For just a moment, another flare of jealousy seared Hannah, so hot she could almost hear it hissing like water on coals.

She clicked on one of Rowan’s photos—a promotional one where she wore sheer red lipstick.

Beautiful as her new posts were, the really stunning ones were the older ones—the old, sun-soaked photos from her days at Harvard, lying out on the grass in a cute dress. The whimsical photo of her blowing on a dandelion puff. There were always one or two chisel-jawed, preppy guys in the background.

It had been Rowan’s year abroad in Paris that had kicked off her career big-time. She’d found herself a glamorous boyfriend—a famous literary writer named Marc. What followed was a series of sleek photos: at the tables of Parisian cafés, balconies with the Eiffel Tower in the background, Rowan draped in a lacy gown with the rising sun behind her.

As Hannah pored over the older photos, it struck her what she loved the most about them. The older ones had the most magic, a sense of the unexpected. In one, Rowan stood before a medieval sundial painted on a sandstone wall. In another, she was in front of a wooden door carved with the head of Medusa, the setting sun, bathing the whole scene in peach.

The photos were full of possibility—something Hannah desperately needed. Rowan could go anywhere, could meet anyone.

The new ones seemed slightly… unhappier. A newer caption read, Forgetting the haters for today. Indulging in chocolate spread on my toast on the balcony.
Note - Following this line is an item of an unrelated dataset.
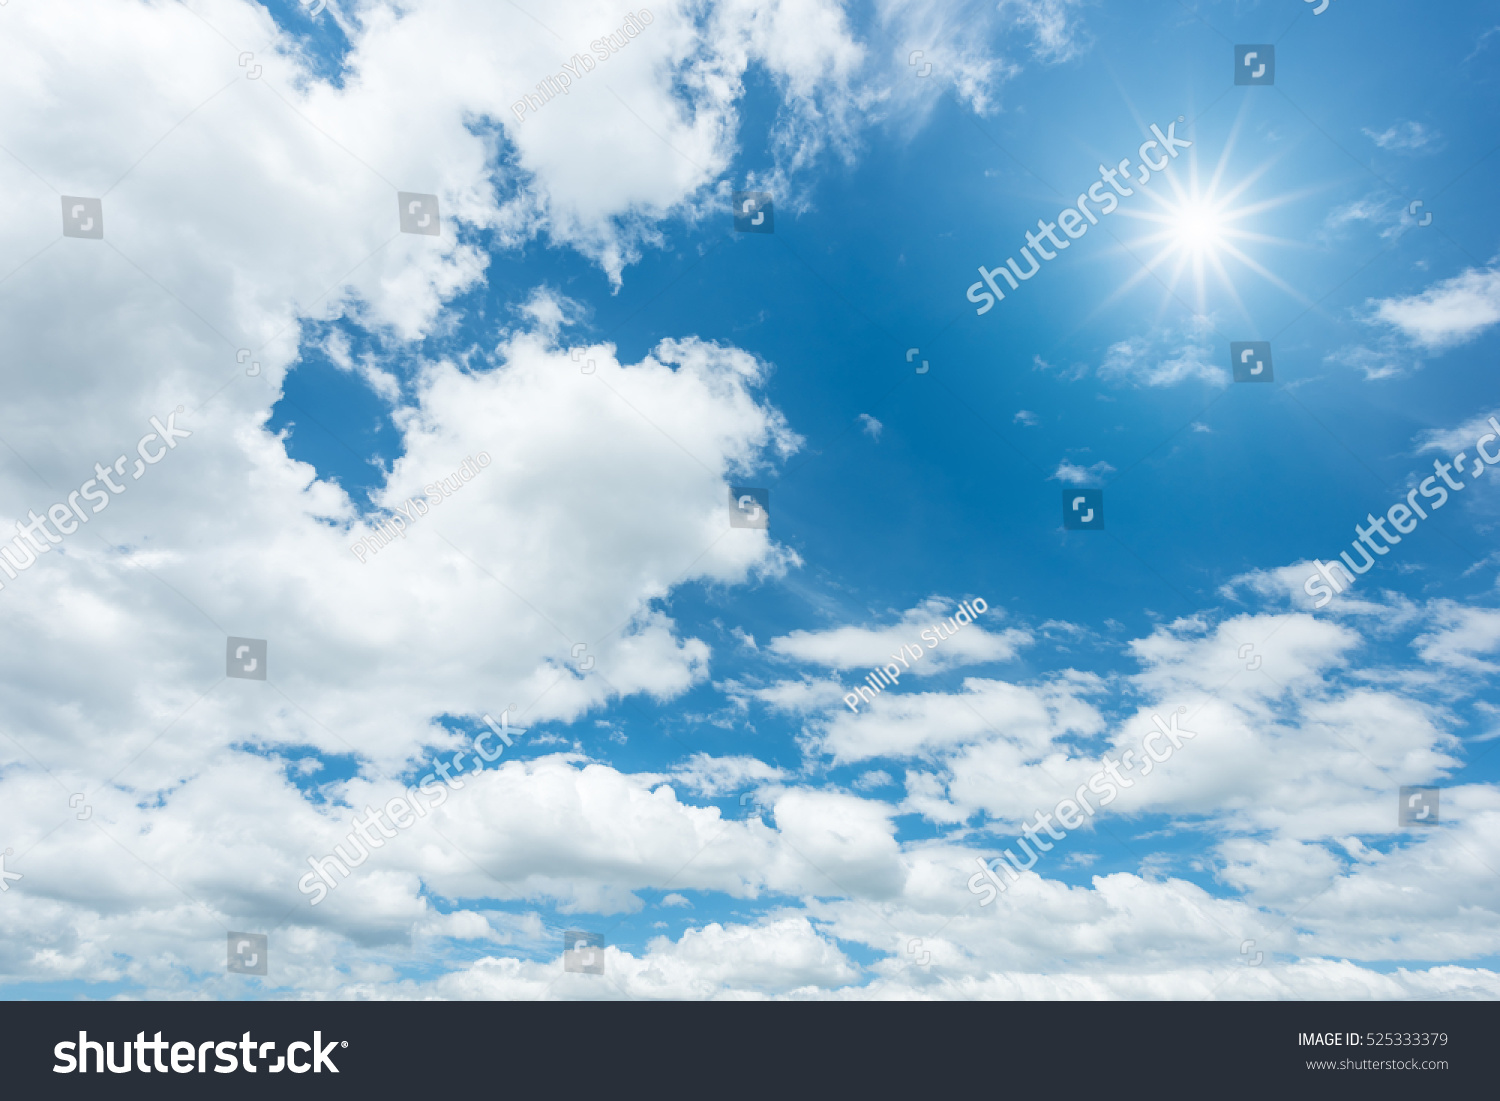 Blue sky with clouds and sun reflection #525333379

Why would Rowan think about the “haters” at all? She was rich and beautiful; she couldn’t possibly care what they thought. What was that expression—wolves don’t lose sleep over the opinions of sheep?

People seemed to find plenty to criticize about Rowan, but the fact was that they were all watching, enraptured. Rowan was never boring.

“I want to be a freaking wolf,” said Hannah out loud.

It may have been the photos with Arabella that made Hannah feel the most inadequate. Arabella—the beautiful Harvard PhD candidate—who appeared next to Rowan, flaxen-haired and sexy, smart and gorgeous, with a certain fragility to her. The photos of her conveyed glamour and sadness all at once. She was like a Keats poem come to life.

With a knot in her chest, Hannah turned her phone off. She bit her lip, wondering if she had what it took to become a wolf. What if she could build up her Instagram following—what if she could get a book deal?

On the one hand, she knew that if it were easy, everyone would do it. On the other, she couldn’t get the thought out of her mind.

What did it take to get a hundred thousand Instagram followers? Being promoted by Rowan would be a start. Imagine making rent money from just one single picture.

Of course, of course it wasn’t that easy.

And yet…

They hadn’t been in touch since high school. She remembered it very clearly, the last night they’d spoken. December, during the winter formal. Rowan had been drunk.

The worst night of Hannah’s life, in fact—one that made her want to throw up the omelet.

Hannah’s muscles tensed, and she pushed the memory out of her mind.

Rising, she grabbed her plate off the table and dropped it in the sink. Then she hurried to the bathroom and started rummaging through her drawers until she found her old makeup bag.